The headline number (3.6% WER) was not the first result — it came from several iterations, and some of them failed instructively. The story, with real measurements (the rationale for each is documented inline in sidecar/config.py):

Baseline — raw ASR (~11% WER). Parakeet alone is strong but makes the predictable mistakes: homophones, word-boundary splits ("data base"), missing punctuation, and silence hallucinations.

Iteration 1 — the corrector that secretly did nothing. The original design added a context-aware LLM corrector and an LM rescorer. An audit (docs/ARCHITECTURE.md, and the project's accuracy map) found that on CPU both were effectively inert: the LLM call timed out (>600 s) and silently fell back to raw text, and KenLM wasn't even installed. Lesson: a fallback that's invisible is worse than no fallback. → made the corrector run in-process (llama.cpp with a trimmed prompt instead of reloading a CLI per call) and made failures visible.

Iteration 2 — finetuning, and a counter-intuitive regression. A finetuned Llama 3.2 3B (LoRA SFT on ~3.3k transcript→correction pairs, merged + Q4_K_M) should have helped — but with the original verbose few-shot prompt it scored 14.4% WER, worse than raw. The heavy prompt pulled the finetuned model back toward generic instruct behavior and erased the finetuning. Swapping the .gguf alone was not enough.

Iteration 3 — match the prompt to the training, relax the guardrail. Two changes unlocked the model:

  • Minimal prompt. The model was finetuned on a bare transcript → corrected format, so it's fed a minimal prompt. Measured: 14.4% (full prompt) → 3.6% (native prompt).
  • Relaxed the guardrail's retention floor (0.85 → 0.50). The strict floor was rejecting the model's best fixes — legitimately merging "data base""database" drops content-word retention and tripped the guard. Measured: strict floor caps at 13.0%; relaxed floor recovers 3.6%. The growth cap still guards against hallucination.

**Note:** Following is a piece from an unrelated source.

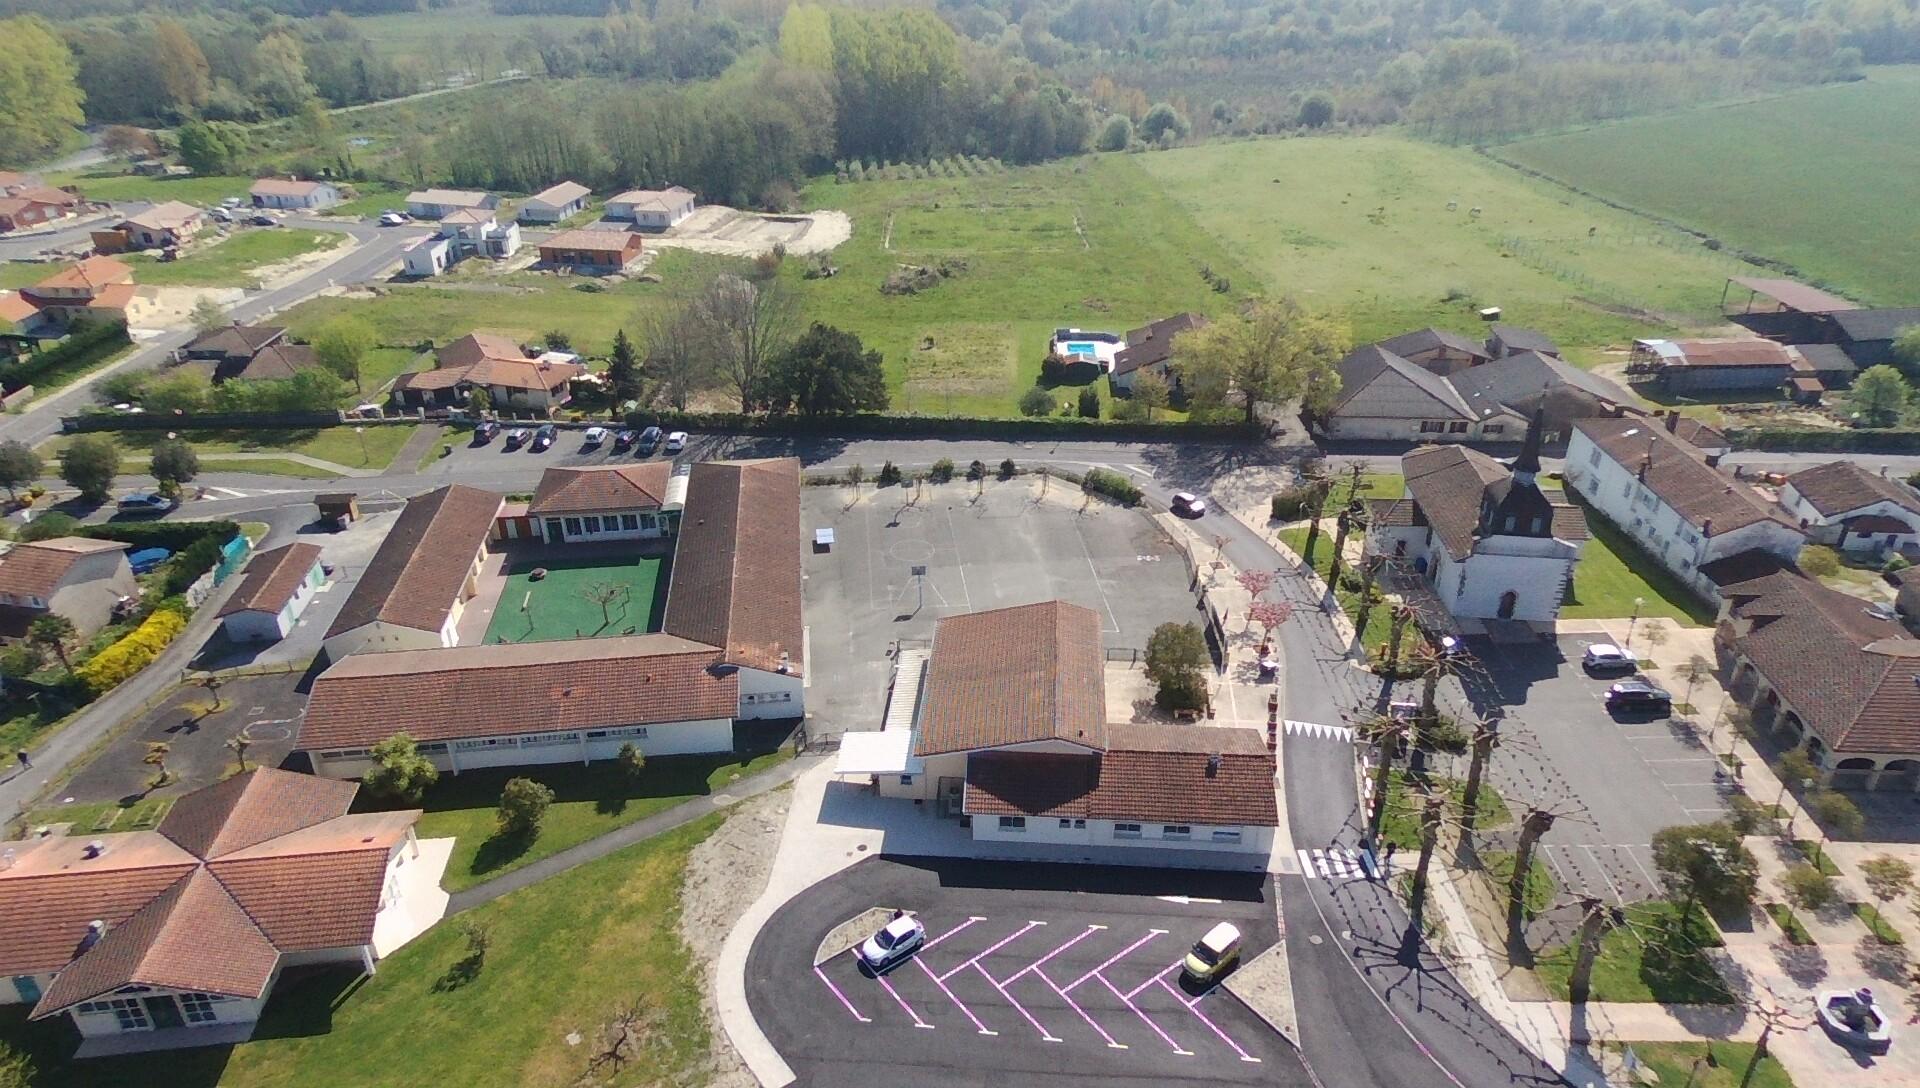 drone centre village 2.jpg

Supporting layers. On top of the corrector: confidence-gated name repair, KenLM homophone rescoring, seam-aware de-dup at chunk boundaries, and audio fixes (int16-overflow clipping, loudness/high-pass on the final decode path, not just the preview).

Honest scope: 3.6% is the word error rate on the project's internal correction-evaluation harness, not a universal benchmark — treat it as "how much the corrector improves this pipeline's output," and reproduce it with the scripts under scripts/.


🛠️ Engineering highlights

  • Polyglot desktop architecture — a Rust (Tauri 2) shell, a Python ML sidecar, and a React/TypeScript UI, wired together over JSON-lines IPC on stdin/stdout.
  • Real-time streaming ASR — incremental decoding with a LocalAgreement-2 commit strategy, plus a full-session re-decode over overlapping 12 s windows to recover words dropped at boundaries.
  • On-device LLM with guardrails — finetuned Llama 3.2 3B correction behind a diff guardrail that rejects hallucination/over-deletion; 11% → 3.6% WER (see above).
  • Privacy by construction — in-memory only, stderr-only logging, runtime offline-enforced.
  • Production packaging — models resolve from a writable per-user dir, a first-run downloader fetches them once with a progress UI, and the Windows installer is built in CI on each tag.

Download & install

  1. Go to the Releases page and download the latest VoiceFlow-Setup.exe.
  2. Run it → Next → Next → Finish.
  3. On first launch, VoiceFlow downloads its models (~2.6 GB, one time). After that it works fully offline.
  4. Press Ctrl + Shift + Space in any text field and start talking.

Windows 10/11 (64-bit). ~3 GB free disk space for models.

Build from source

See CONTRIBUTING.md. In short:

pnpm install
./scripts/setup.ps1        # installs deps + downloads models
pnpm tauri dev             # run in development
pnpm tauri build           # produce an installer

Full pipeline details live in docs/ARCHITECTURE.md.

Models & licenses

VoiceFlow downloads three models at setup. They keep their own licenses — see THIRD_PARTY_LICENSES.md:

  • Parakeet TDT 0.6B v3 (ONNX) — speech recognition.
  • Llama 3.2 3B (finetuned, GGUF) — transcript correction (model card).
  • LibriSpeech 3-gram LM — homophone rescoring.

Contributing

PRs welcome — see CONTRIBUTING.md. VoiceFlow is MIT-licensed (see LICENSE).